Local-QoS-Class (l-QC) A QoS transfer capability across a single domain, characterized by a set of QoS performance parameters denoted by (D, J, L). From a Diffserv [RFC2475] perspective, an l-QC is an occurrence of a Per Domain Behavior (PDB) [RFC3086]. L-QC binding Two l-QCs from two neighboring domains are bound together once the two providers have agreed to transfer traffic from one l-QC to the other. L-QC thread Chain of neighboring bound l-QCs. Meta-QoS-Class (MQC) An MQC provides the limits of the QoS parameter values that two l-QCs must respect in order to be bound together. An MQC is used as a label that certifies the support of a set of applications that bear similar network QoS requirements. Service Provider (SP) An entity that provides Internet connectivity. This document assumes that an SP owns and administers an IP network called a domain. Sometimes simply referred to as provider. SP chain The chain of Service Providers whose domains are used to convey packets for a given IP connectivity service. 4. Weaknesses of Provider-to-Provider QoS Agreements Based on SP Chains The objective of this section is to show, by a sort of reductio ad absurdum proof, that within the scope of Internet services, provider- to-provider QoS agreements should be based on guarantees that span a single domain. We therefore analyze provider-to-provider QoS agreements based on guarantees that span several domains and emphasize their vulnerabilities. In this case, the basic service element that a provider offers to its neighboring providers is called an IP connectivity service. It uses the notion of SP chains. We first define what an IP connectivity service is, and then we point out
several weaknesses of such an approach, especially the SP chain trap problem that leads to the so-called Internet glaciation era. 4.1. IP Connectivity Services An IP connectivity service is a (Destination, D, J, L) tuple where Destination is a group of IP addresses reachable from the domain of the provider offering the service, and (D, J, L) is the QoS performance to get from this domain to Destination. Destination is typically located in a remote domain. Provider- /--------------SP chain---------------\ oriented view /--Agreement--\ +----+ +----+ +----+ +----+ +----+ |SP +-------+SP +----+SP +----+SP +- ... -+SP | |n+1 | |n | |n-1 | |n-2 | |1 | +----+ +----+ +----+ +----+ +----+ Domain- -----> packet flow / oriented Destination view <----------- Guarantee Scope ---------> Figure 1: IP connectivity service In Figure 1, Provider SPn guarantees provider SPn+1 the level of QoS for crossing the whole chain of providers' domains (SPn, SPn-1, SPn-2, ...,SP1). SPi denotes a provider as well as its domain. The top of the figure is the provider-oriented view; the ordered set of providers (SPn, SPn-1, SPn-2, ...,SP1) is called an SP chain. The bottom of the figure is the domain-oriented view. 4.2. Similarity between Provider and Customer Agreements This approach maps end-users' needs directly to provider-to-provider agreements. Providers negotiate agreements to a destination because they know customers are ready to pay for QoS guaranteed transfer to this destination. As far as service scope is concerned, the agreements between providers will resemble the agreements between customers and providers. For instance, in Figure 1, SPn can sell to its own customers the same IP connectivity service it sells to SPn+1. There is no clear distinction between provider-to-provider agreements and customer-to-provider agreements. In order to guarantee a stable service, redundant SP chains should be formed to reach the same destination. When one SP chain becomes unavailable, an alternative SP chain should be selected. In the context of a global QoS Internet, that would lead to an enormous number of SP chains along with the associated agreements.

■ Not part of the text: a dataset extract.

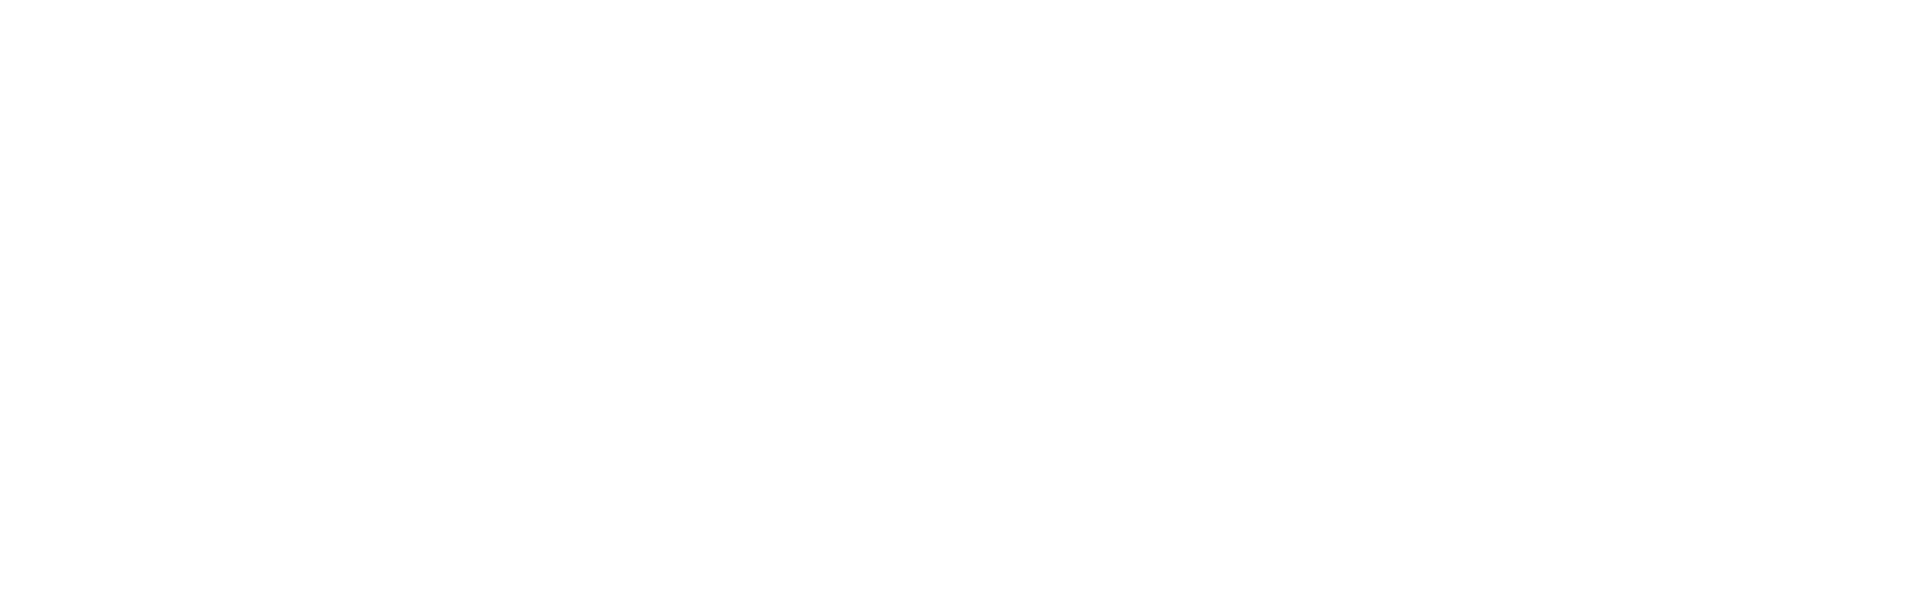 Askew Funeral Home Logo
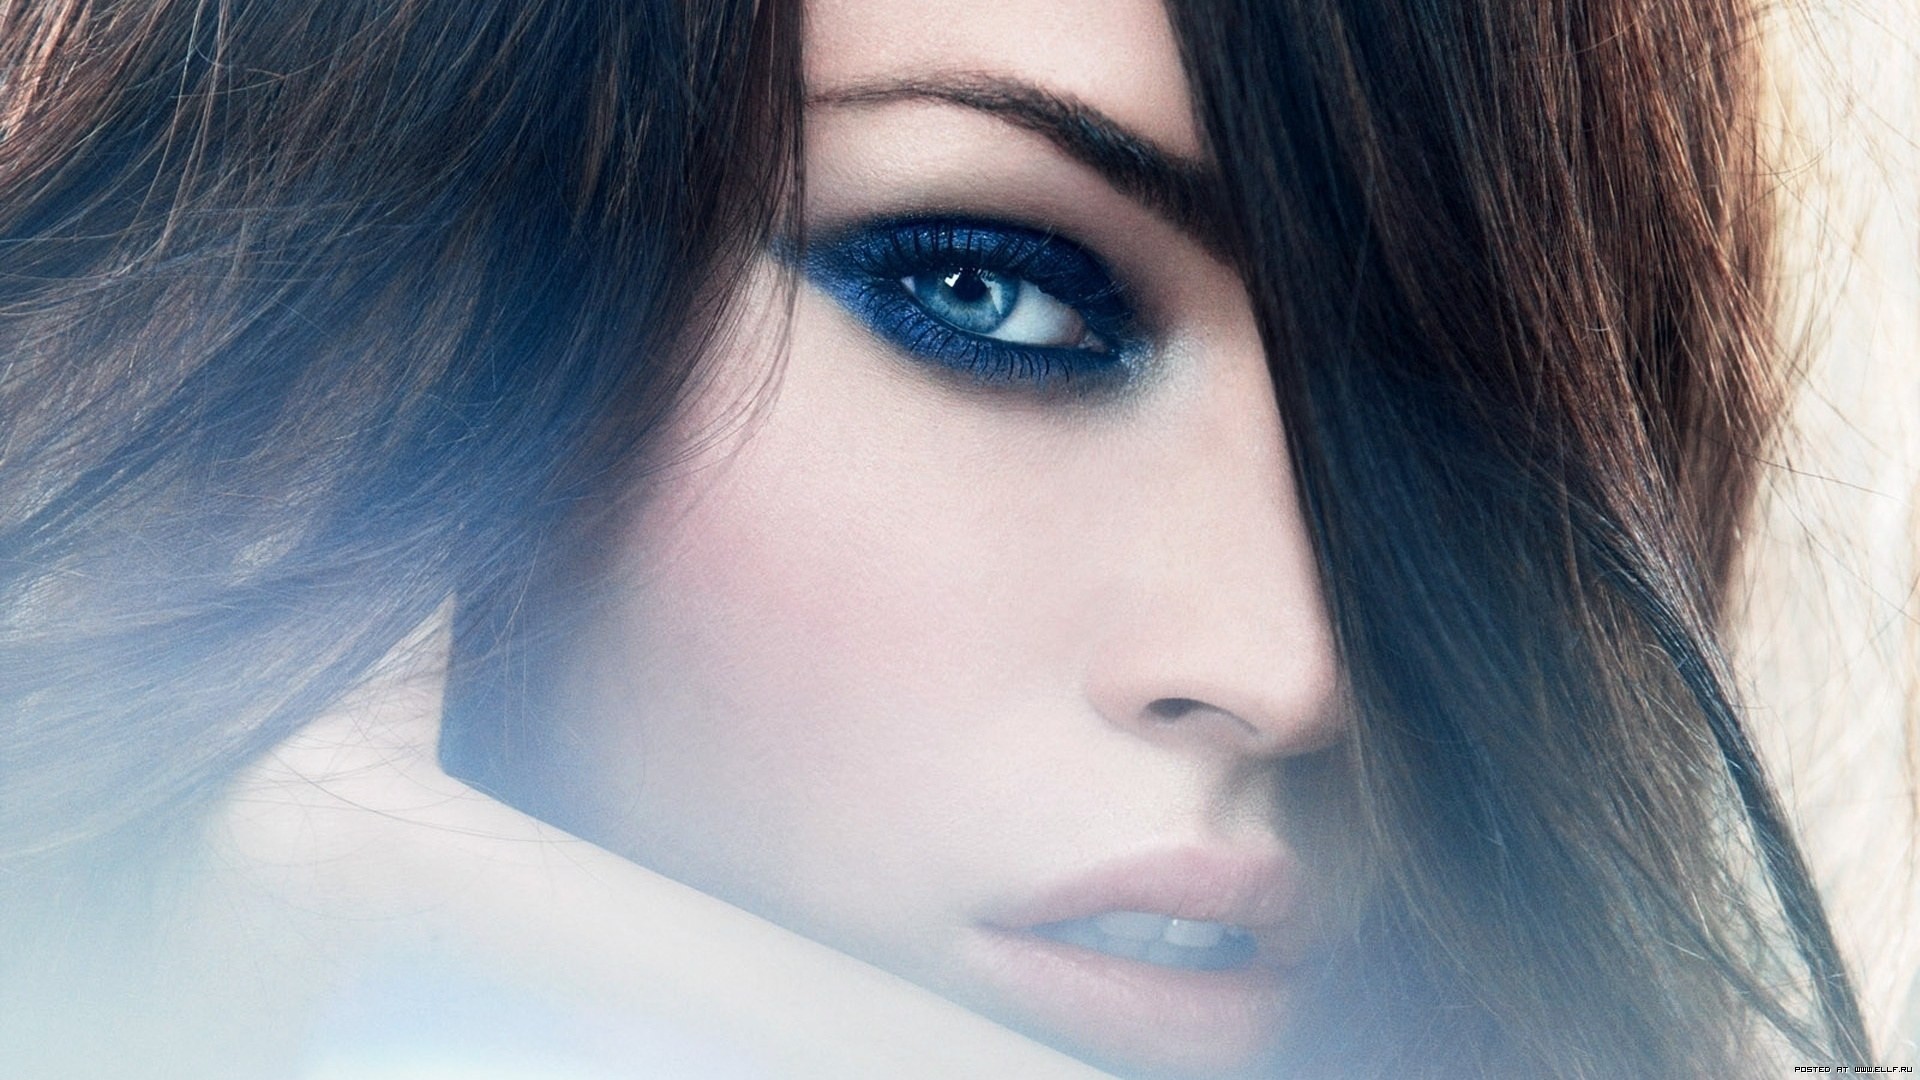 People 1920x1080 eyes blue eyes closeup sensual gaze women brunette face makeup Megan Fox actress celebrity looking at viewer

4.3. Liability for Service Disruption In Figure 1, if SPn+1 sees a disruption in the IP connectivity service, it can turn only against SPn, its legal partner in the agreement. If SPn is not responsible, in the same way, it can only complain to SPn-1, and so on, until the faulty provider is found and eventually requested to pay for the service impairment. The claim is then supposed to move back along the chain until SPn pays SPn+1. The SP chain becomes a liability chain. Unfortunately, this process is prone to failure in many cases. In the context of QoS solutions suited for the Internet, SP chains are likely to be dynamic and involve a significant number of providers. Providers (that do not all know each other) involved in the same SP chain can be competitors in many fields; therefore, trust relationships are very difficult to build. Many complex and critical issues need to be resolved: how will SPn+1 prove to SPn that the QoS level is not the level expected for a scope that can expand well beyond SPn? How long will it take to find the guilty domain? Is SPn ready to pay SPn+1 for something it does not control and is not responsible for? 4.4. SP Chain Trap Leading to Glaciation In Figure 1, SPn implicitly guarantees SPn+1 the level of QoS for the crossing of distant domains like SPn-2. As we saw in Section 4.2, SP chains will proliferate. A provider is, in this context, likely to be part of numerous SP chains. It will see the level of QoS it provides guaranteed by many providers it perhaps has never even heard of. Any change in a given agreement is likely to have an impact on numerous external agreements that make use of it. A provider sees the degree of freedom to renegotiate, or terminate, one of its own agreements being restricted by the large number of external (to its domain) agreements that depend on it. This is what is referred to as the "SP chain trap" issue. This solution is not appropriate for worldwide QoS coverage, as it would lead to glaciation phenomena, causing a completely petrified QoS infrastructure, where nobody could renegotiate any agreement. 5. Provider-to-Provider Agreements Based on Meta-QoS-Class If a QoS-enabled Internet is deemed desirable, with QoS services potentially available to and from any destination, any solution must resolve the above weaknesses and scalability problems and find alternate schemes for provider-to-provider agreements.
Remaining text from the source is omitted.